Just as in the capital’s gateway airport, NAM has placed advertisements in influential publications here, including The Wall Street Journal and Financial Times.

Its advertisements in Roll Call and The Hill are designed for maximum results since these publications are read by most members of both chambers of the US Congress. The campaign also includes micro-targeted digital ads in numerous media outlets.

Linda Dempsey, NAM’s vice-president for international economic affairs, was asked during a conference call with reporters today about what measures by India would satisfy American manufacturers.

She said New Delhi should cease and desist from further localisation in the sectors of power, solar energy and communications, where more collaborations with the Americans are obviously on the anvil.

Meanwhile, a summons for Singh from a court in Washington for alleged human rights violations by providing “cash rewards” during counter-terrorism operations in Punjab when he was finance minister in the 1990s appeared to be a storm in a teacup, brewed by elements which want to milk the Prime Minister’s visit for some publicity for themselves.

Sikhs for Justice, an organisation with a presence in New York and Toronto, has become notorious for filing cases against Indians in public life linking them somehow to alleged atrocities against the Sikh community in India.

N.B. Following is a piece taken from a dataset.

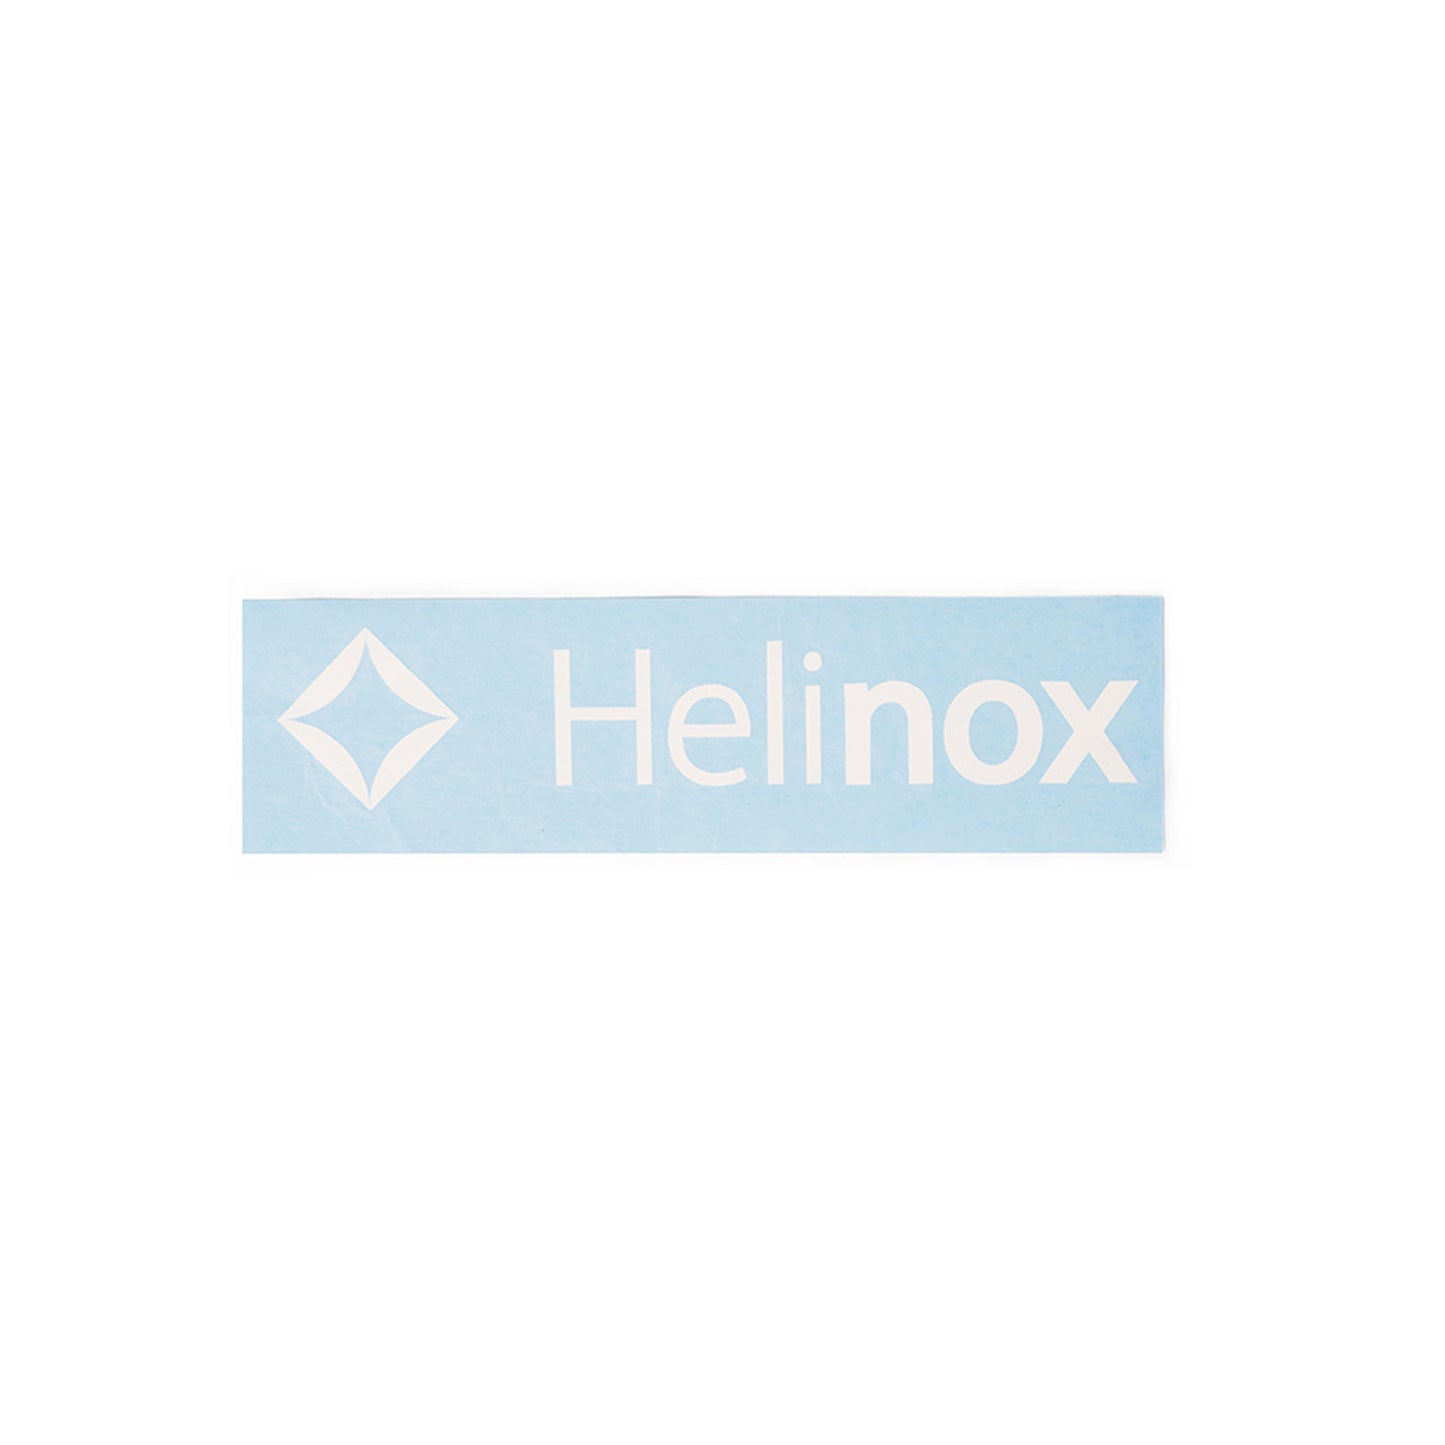 Helinox Logo Decal S(100x28mm) - White

One of its recent targets was the Punjab chief minister, Prakash Singh Badal, and there have been suggestions that it plans to sue film star Amitabh Bachchan. Courts in the US routinely issue summons on receipt of suits and most countries find it an aberration that it is the responsibility of plaintiffs to serve those summons on the individuals being sued.

By that yardstick, this Sikh organisation’s office-bearers will have to serve the summons on Singh while he is in the US, which will be well nigh impossible given his dual protection by the American Secret Service and his own Special Protection Group.